#### Collected material:
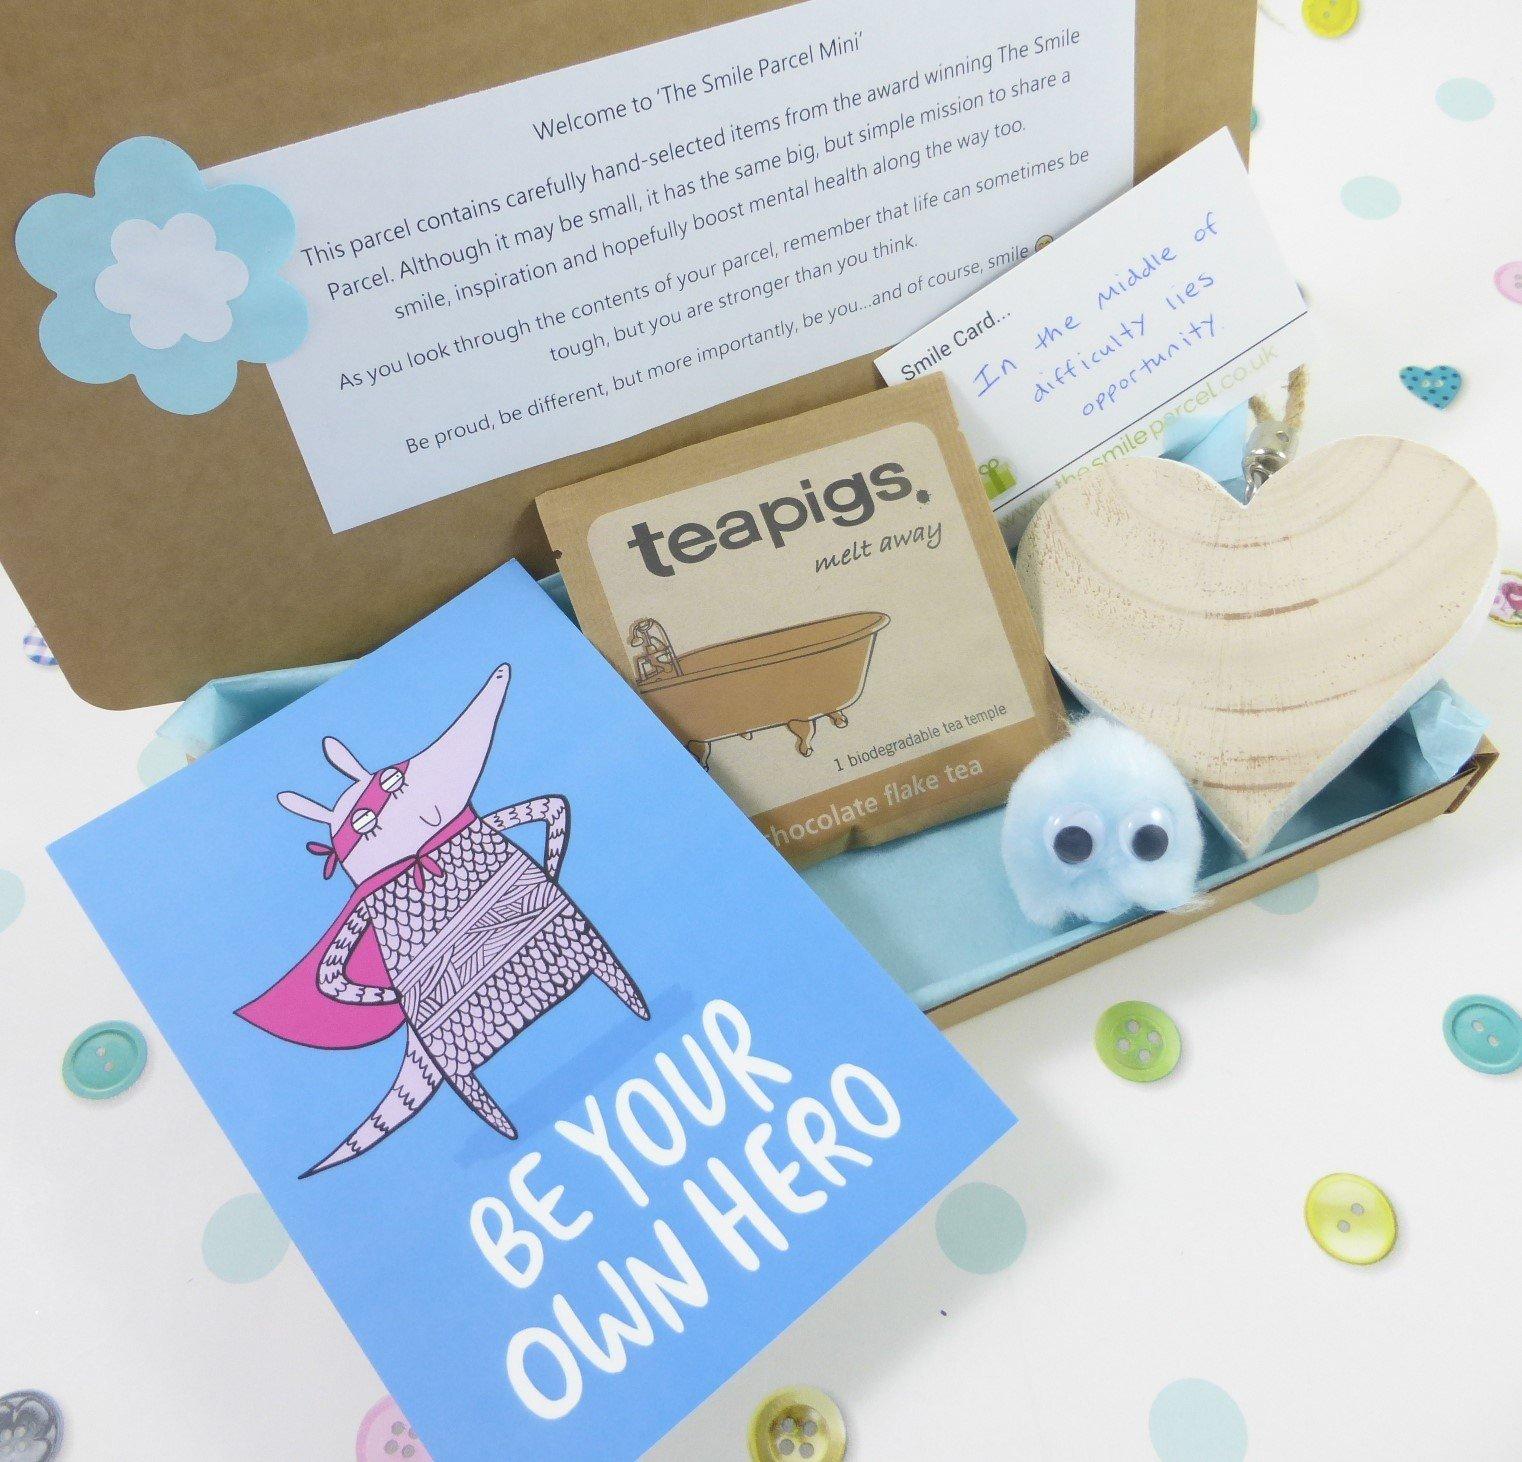 Self care box gift
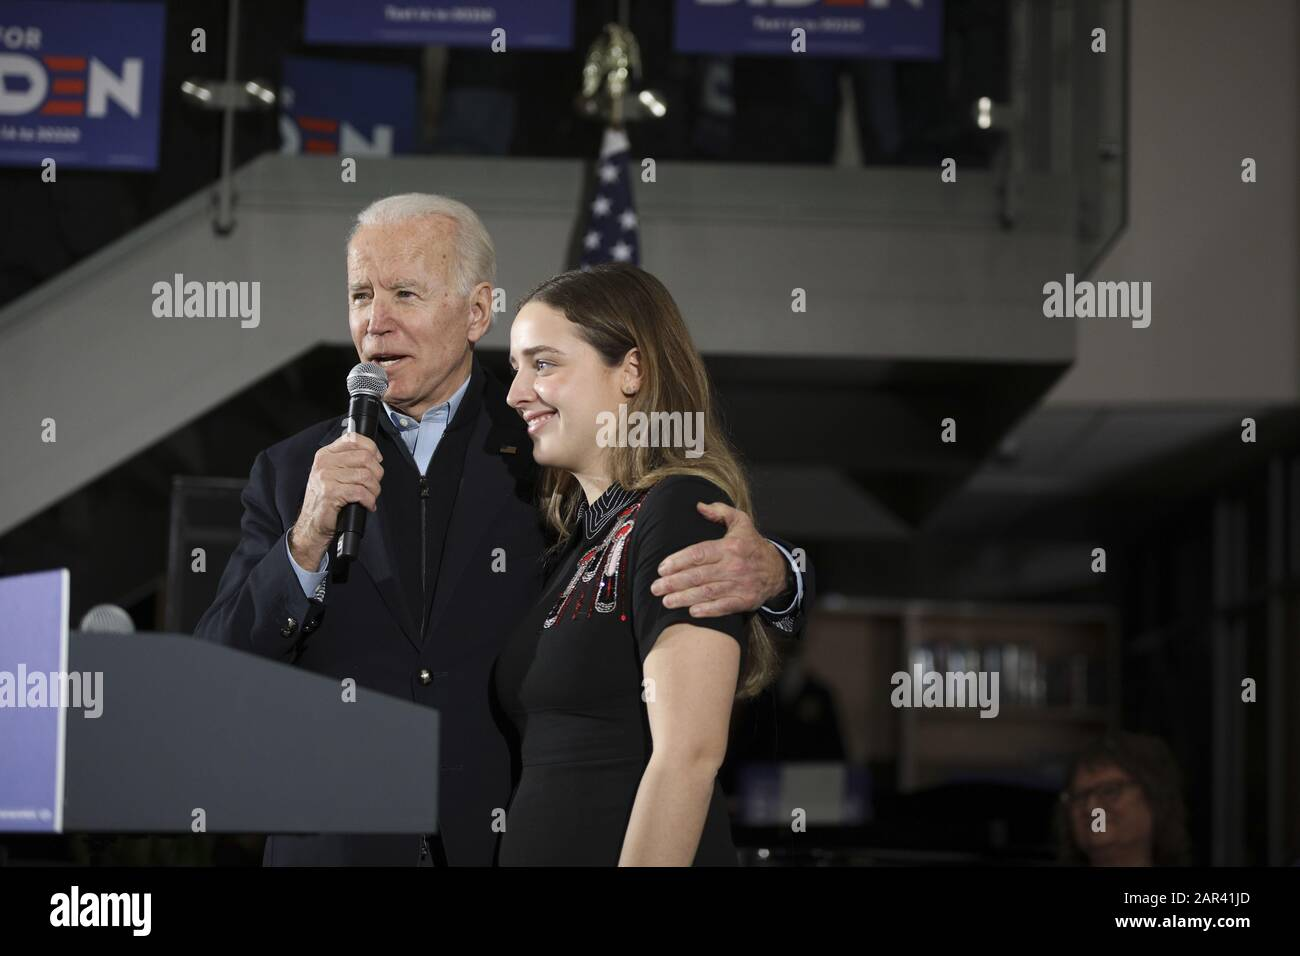 Ankeny Iowa Usa 25th Jan 2020 Former Vice President Joe Biden Introduces His Granddaughter Before Beginning
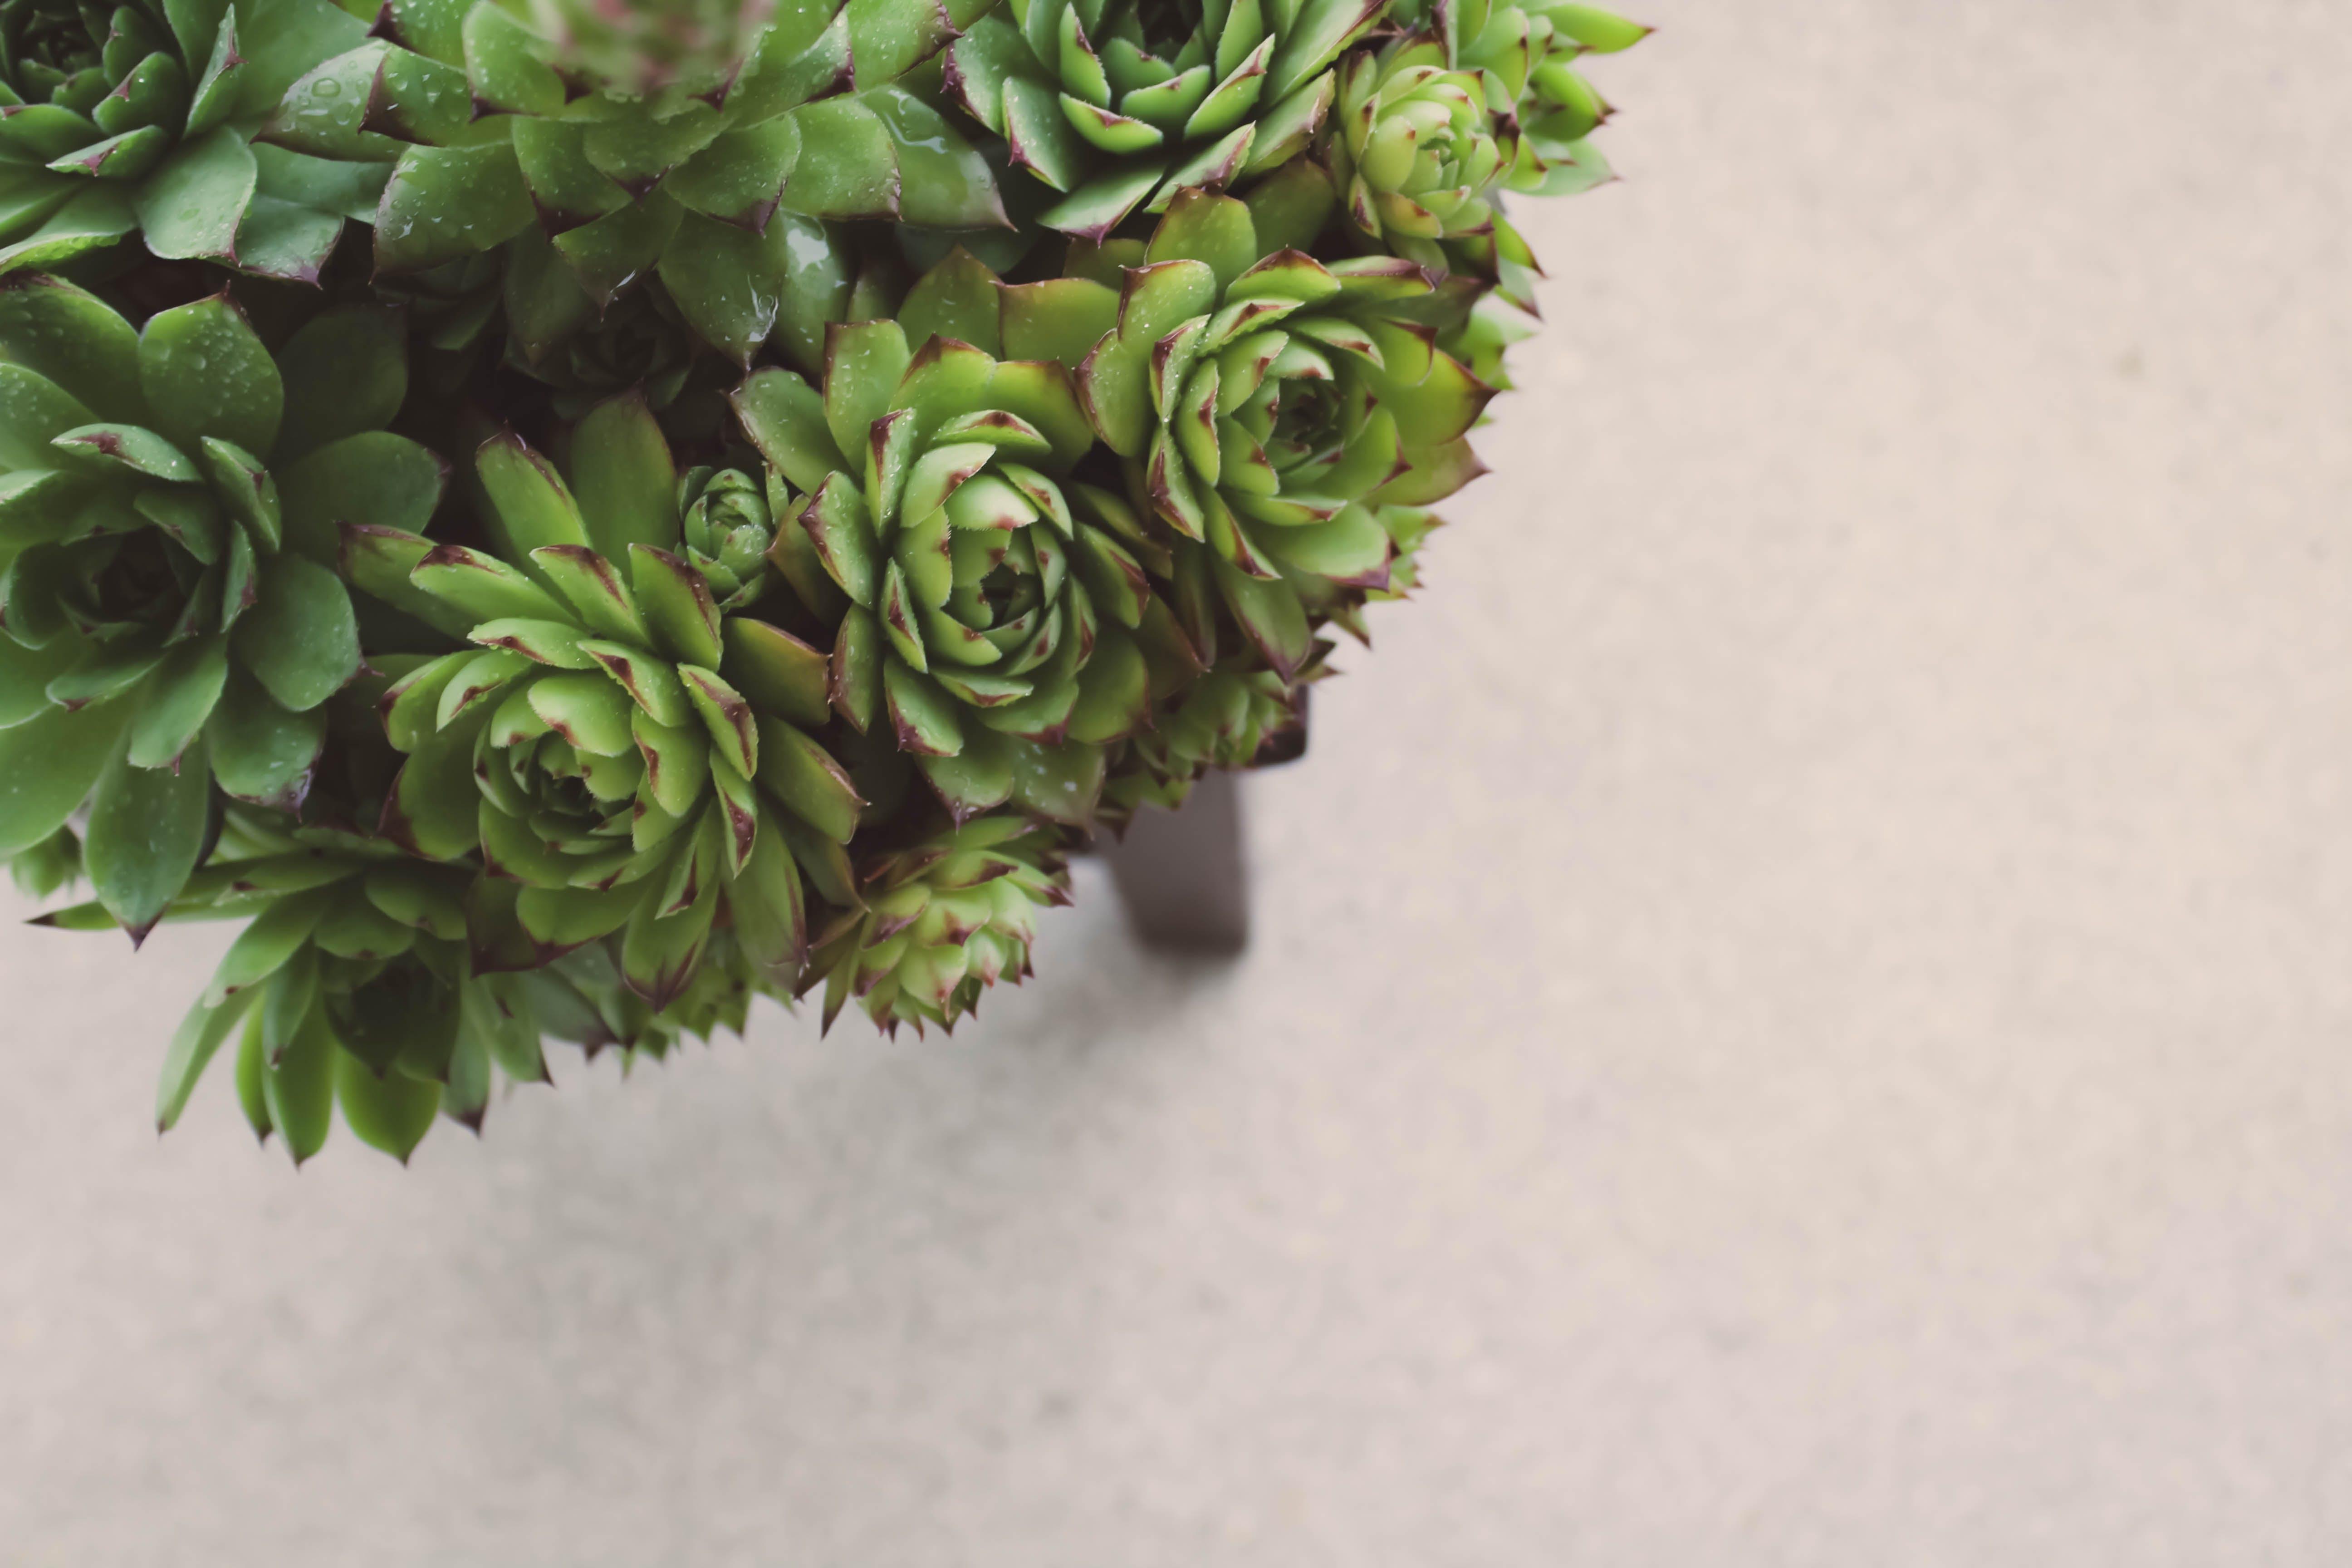 Kostenloses Stock Foto zu dunkelgrün, dunkelgrüne pflanzen, garten, gartenarbeit
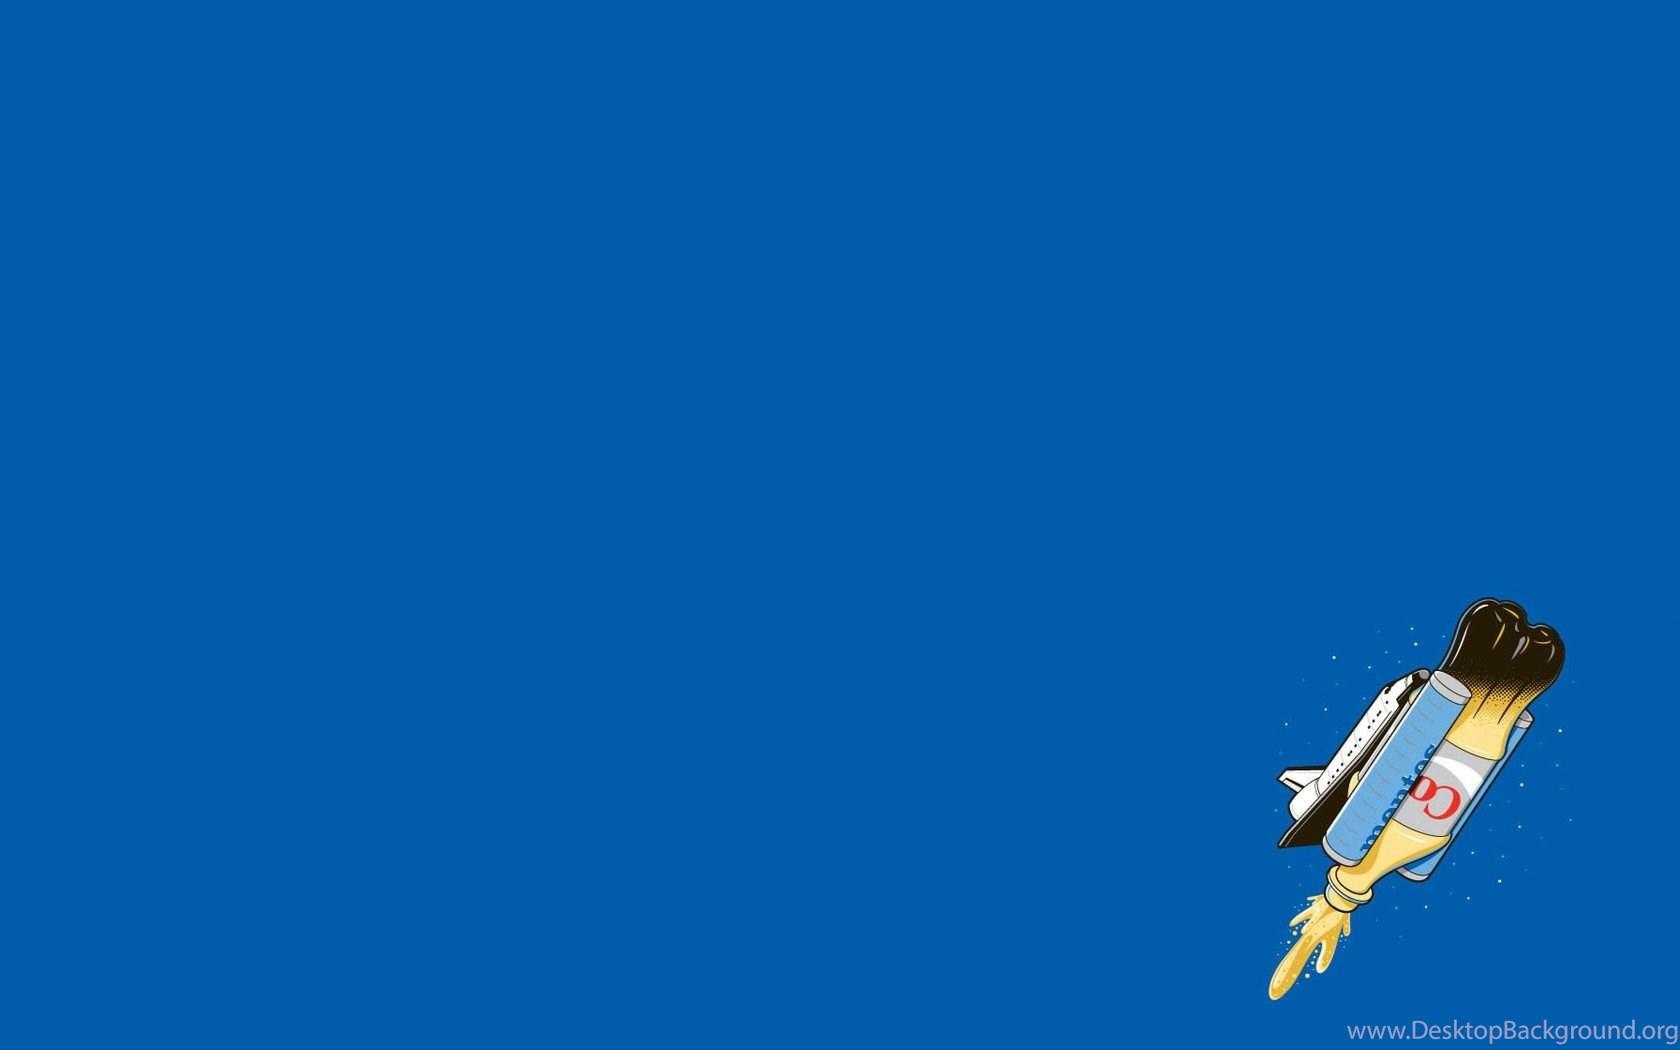 Blue Backgrounds Funny Wallpapers Desktop Background

#### Activity:
Exactly the lines from the one that contains "Kostenloses Stock Foto" to the last line of the data, both included, should be set down, and no pictures should appear among them.

#### Your solution:
 Kostenloses Stock Foto zu dunkelgrün, dunkelgrüne pflanzen, garten, gartenarbeit
 Blue Backgrounds Funny Wallpapers Desktop Background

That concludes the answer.